What Happened
Following the Pentagon's designation of Anthropic as a supply-chain risk on February 28, 2026, tech workers circulated and signed an open letter addressed to the Department of Defense and members of Congress. The letter asks the government to withdraw the designation and handle the dispute through existing channels rather than public confrontation. TechCrunch reported on the letter's publication on March 2. The letter framed Anthropic's position - refusing to agree to military use for mass surveillance or autonomous lethal decisions - as a principled policy position, not a vendor reliability problem.
Why It Matters
Open letters from tech workers don't often change government policy directly, but they do shape the narrative in ways that matter for subsequent legal and legislative proceedings. In this case, the letter represents a segment of the industry pushing back on the use of supply-chain risk designations as a mechanism for pressuring AI companies to accept fewer ethical limits on their products.
The supply-chain risk designation has practical consequences beyond the immediate contract dispute. It could restrict Anthropic from federal contracts outside the DoD and create complications for companies in regulated industries that use Claude products and must manage their own supplier risks. Tech workers with security clearances or government-adjacent employers have more direct exposure to these downstream effects than general consumer advocates.
The letter also applies pressure on Congress, where there is bipartisan interest in AI policy but no consensus on military AI use rules.
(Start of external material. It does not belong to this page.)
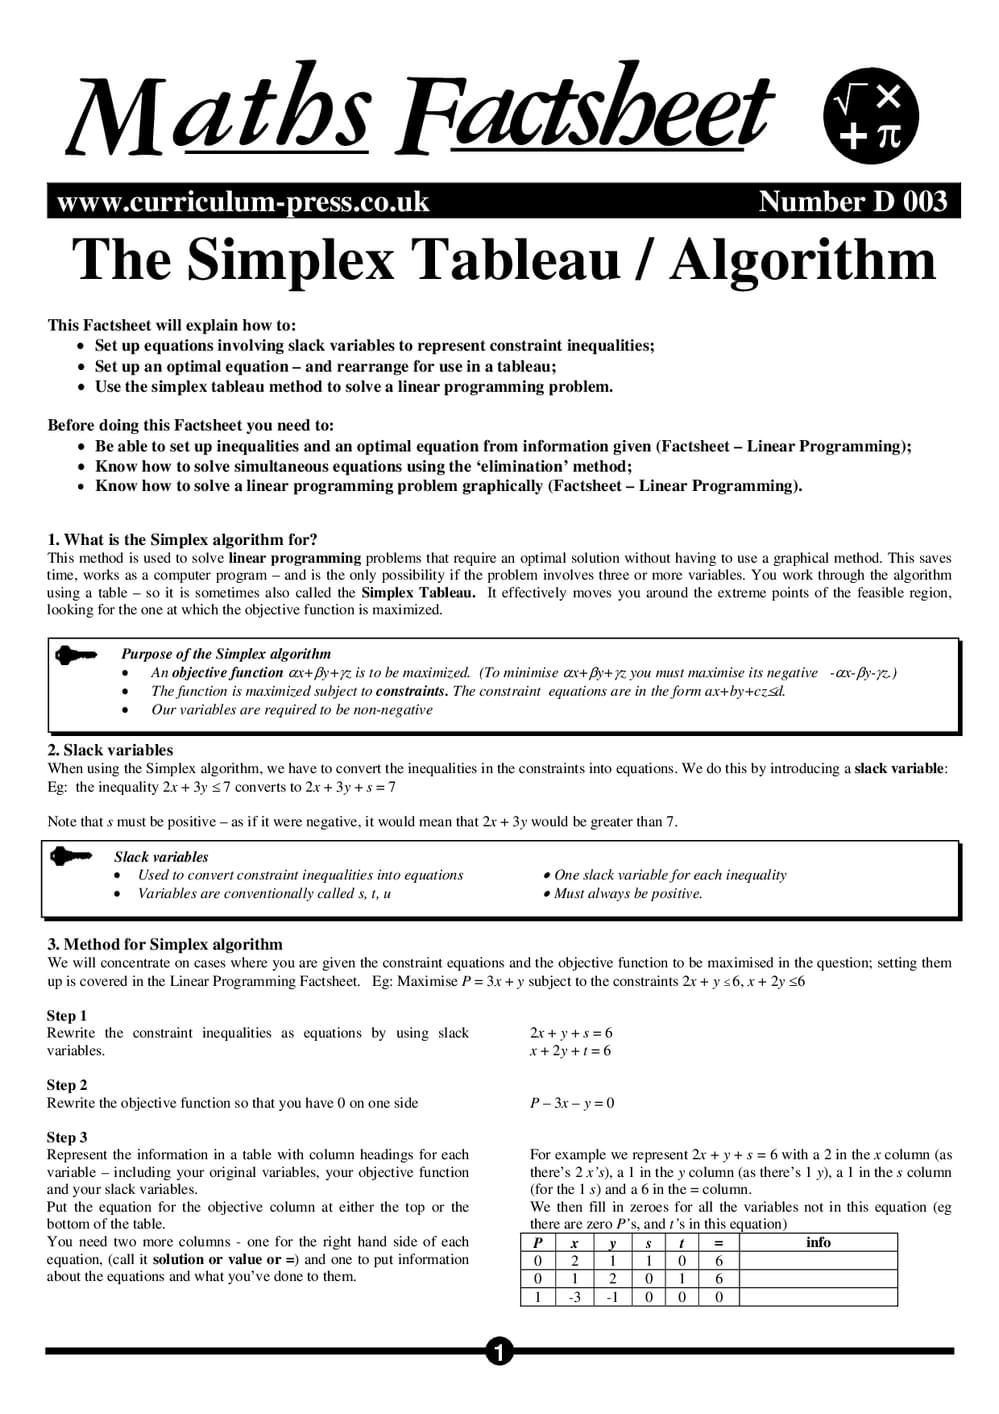 D03 The Simplex Tableau Algorithm

A legislative response would take authority over vendor designations away from executive-branch discretion and into a structured process - which would benefit AI companies trying to operate with predictable rules.
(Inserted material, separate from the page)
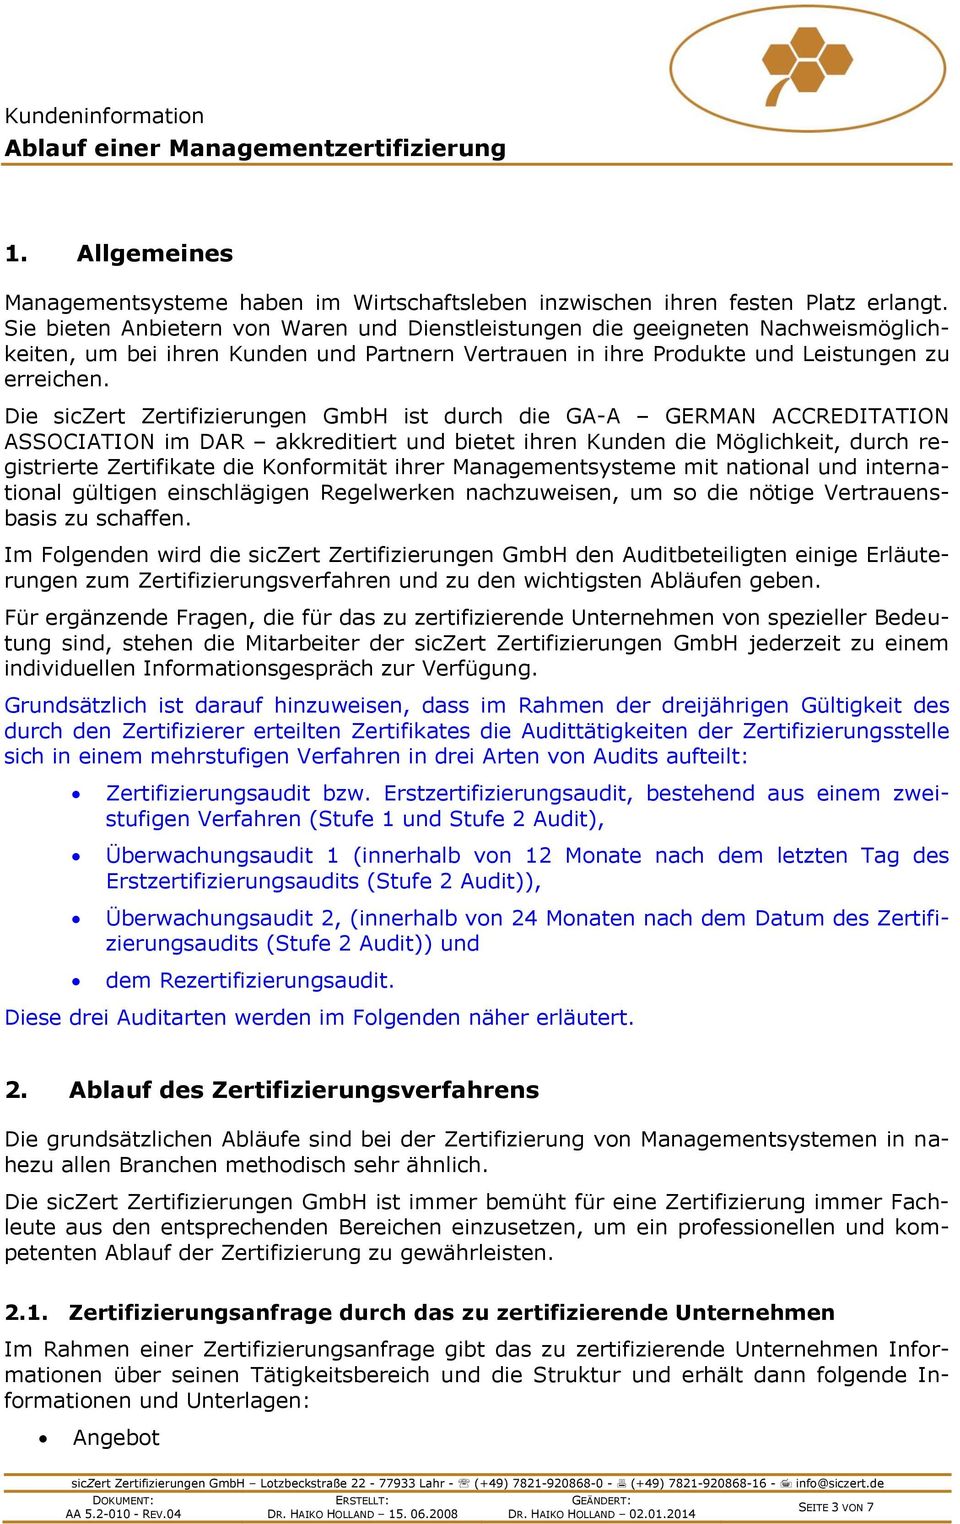 Die siczert Zertifizierungen GmbH ist durch die GA-A GERMAN ACCREDITATION ASSOCIATION im DAR akkreditiert und bietet ihren Kunden die Möglichkeit, durch registrierte Zertifikate die Konformität ihrer

The mechanism used to blacklist Anthropic - a Truth Social post from the president followed by a defense secretary designation - is unusual by any procurement standard, and the letter implicitly challenges whether that process was appropriate.
Our Take
The open letter is a soft intervention that costs its signers little and is unlikely to reverse the designation on its own. What it does do is keep the story alive in media coverage and build a public record that industry views the designation as disproportionate to the conduct that triggered it. Anthropic has said it will challenge the designation in court. The more consequential development to watch is whether any members of Congress take up the issue and push for hearings or legislation. That would shift the dynamic from a PR contest into an actual policy process with binding outcomes.